Sarkar et al. (2010) were the first to report the sorption of different QACs (monoalkonium halides) on agricultural soils. They investigated the effect of three commonly used QACs, namely hexadecyl trimethyl ammonium bromide, octadecyl trimethyl ammonium bromide and Arquad, on dehydrogenase and potential nitrification activities in three different soils. The QACs inhibited the dehydrogenase activity and nitrification of the soils, and the toxic effect of QACs on soil microbial activities was influenced by the relative release of adsorbed QACs in soils. As a result, it is important to monitor the adsorption and leaching of these compounds to determine their bioavailability and the fate in soil environment, which are the key factors for the risk assessment of a micropollutant in soil. Therefore, reliable methods for the determination of leaching behaviour of contaminants are required.

Several different approaches have been used to determine desorption and leaching of organic compounds from contaminated soil. For example, stirred aqueous batch tests, introduction of a third phase as an adsorbent to the soil/water system, and column leaching tests are commonly adopted methods for leaching and desorption studies of organic

compounds from soil (Enell et al., 2004; García Frutos et al., 2011). Stirred aqueous batch tests have been applied by many authors to study the sorption and desorption of organic compounds in soil (Ismail et al., 2010); however, the effect of grinding of soils may overestimate the desorption rate of compounds when using this method (Enell et al., 2004). Column leaching methods are considered to be more realistic in determining the leaching and desorption of organic compounds occurring in the field (García Frutos et al., 2011).

The leaching of organic contaminants in soils depends on the adsorption equilibrium between the compounds in soil solution and adsorbed amount to the solid constituents of the soil, which in turn depends on available binding sites on the soil, mostly due to hydroxyl and carboxylic acid functionalities. The van der Waals attractions are important with soils with higher amount of clays as the compounds migrate between sheets in the clay structure or in binding sites on the edges of those sheets. The soils containing both higher clay and organic matter content have more potential binding sites for retention of the compounds consequently reducing the extent of leaching. The only study related to desorption/leaching of a BAC (hexadecyl benzyl dimethyl ammonium chloride with 16 carbon alkyl chain) from sewage sludge reported that about 5% of the BAC was desorbed in 24 h (Ismail et al., 2010). In another study, two different monoalkonium chlorides were found to desorb by 10 to 60%, depending on their molecular structure, from soil samples (Sarkar et al., 2010).

It is unavoidable to release organic pollutants (such as BACs) in the natural environment and it can happen in many ways, such as by the land application of biosolids, use of reclaimed wastewater for irrigation or by direct discharge of pollutants or due to soil erosion into sediments if BACs are present in agricultural land due to soil amendment with biosolids.
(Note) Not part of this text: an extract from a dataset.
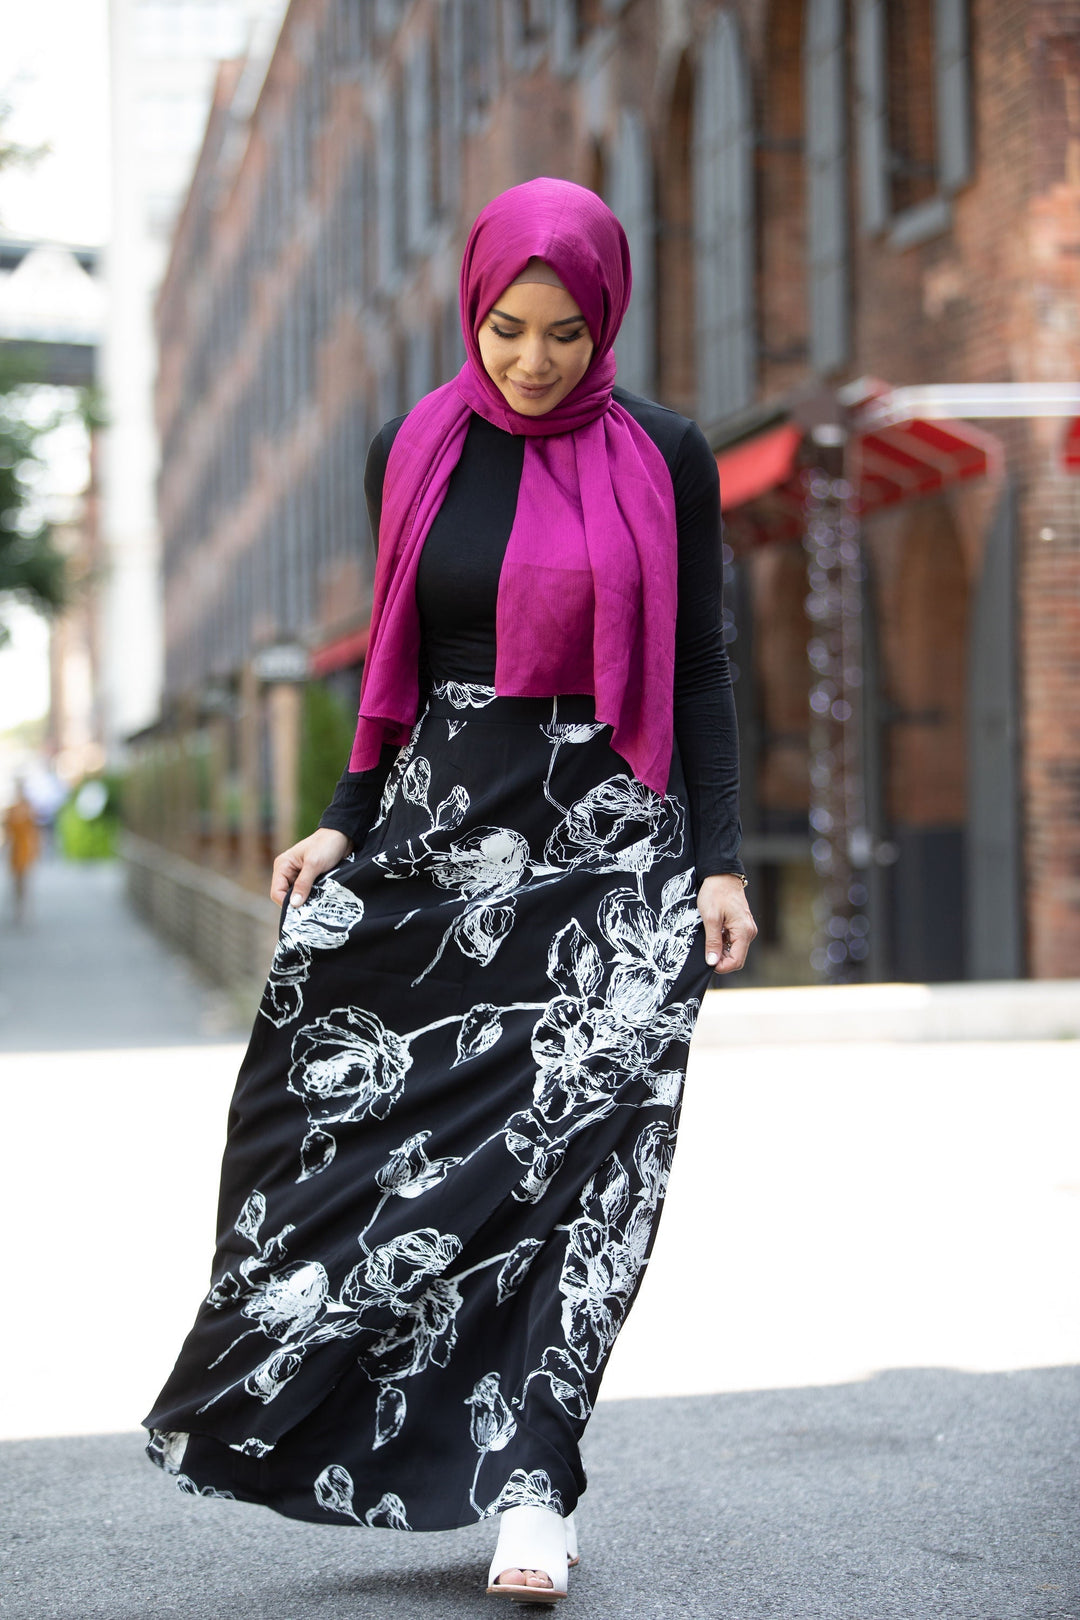 Urban Modesty - Floral Lines Black and White Maxi Skirt
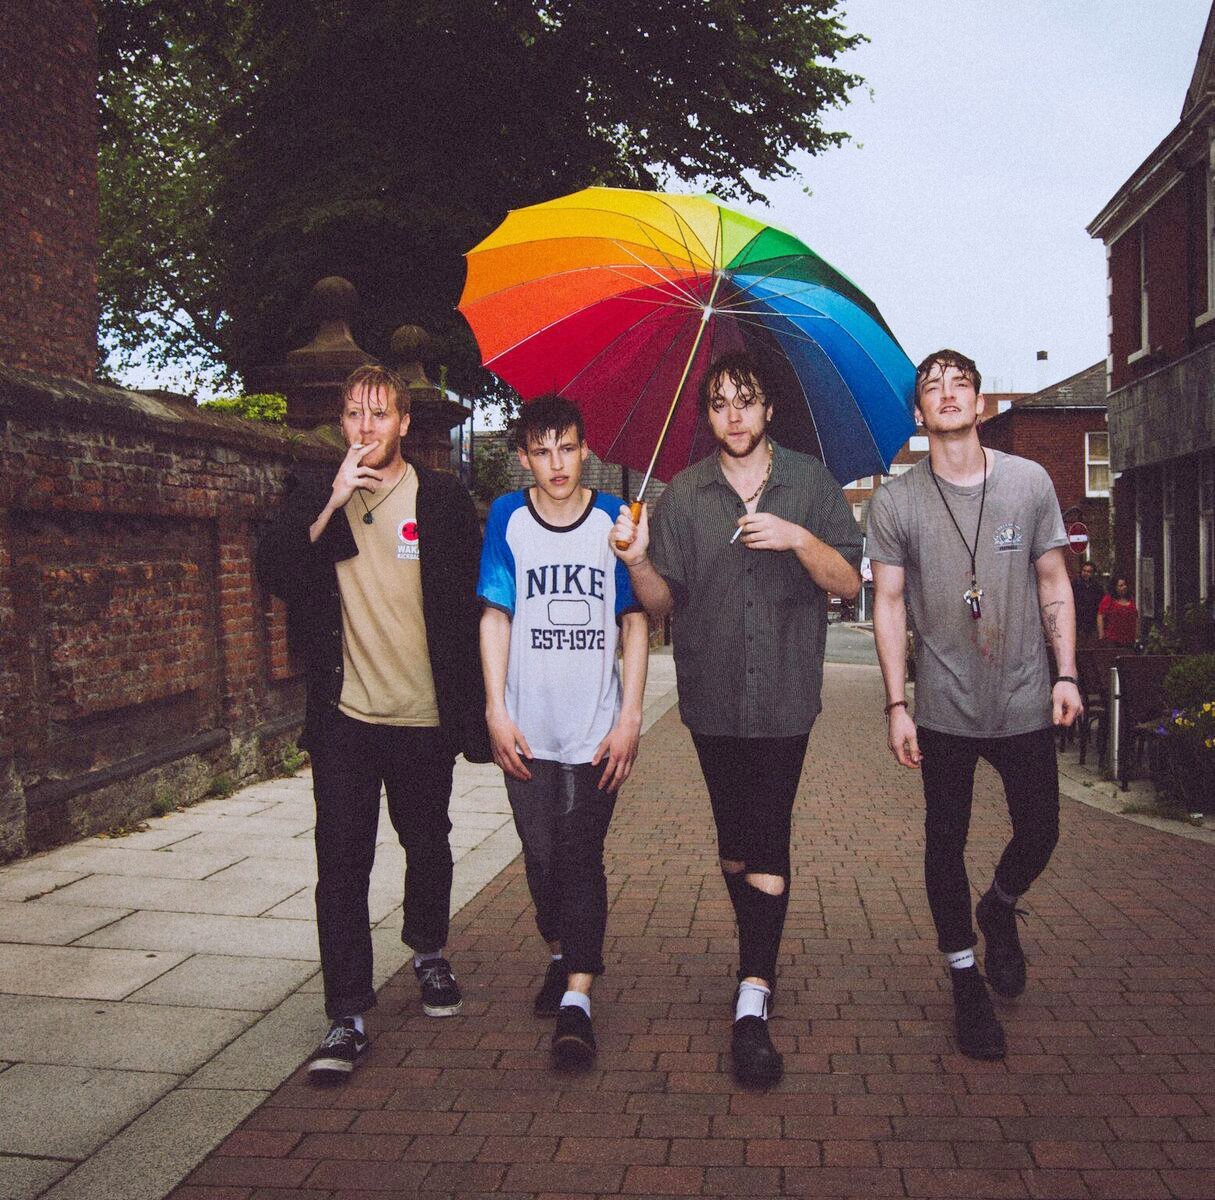 UPDATED 3.40pm: Inquest hears questions remain after deaths of band Viola Beach and manager Craig Tarry

The first two possibilities can be mitigated by redesigning/improving the conventional wastewater treatment technologies, which of course will take many years with the potential involvement of money. As a result, understanding on the sorption and leaching behaviour of BACs would be beneficial to characterize the risk associated to these compounds. For example, uptake of BACs from soil by plants is only possible if they are desorbed and become mobile in the rooting zone of soil environment.

To date, no study has been performed to determine the adsorption parameters of BACs on various types of agricultural soils and the leaching possibilities of BACs from biosolids or when soils are amended with biosolids. As a result, understanding the adsorption and leaching behaviour of BACs from soils amended with biosolids would be beneficial to characterize the risk associated with them.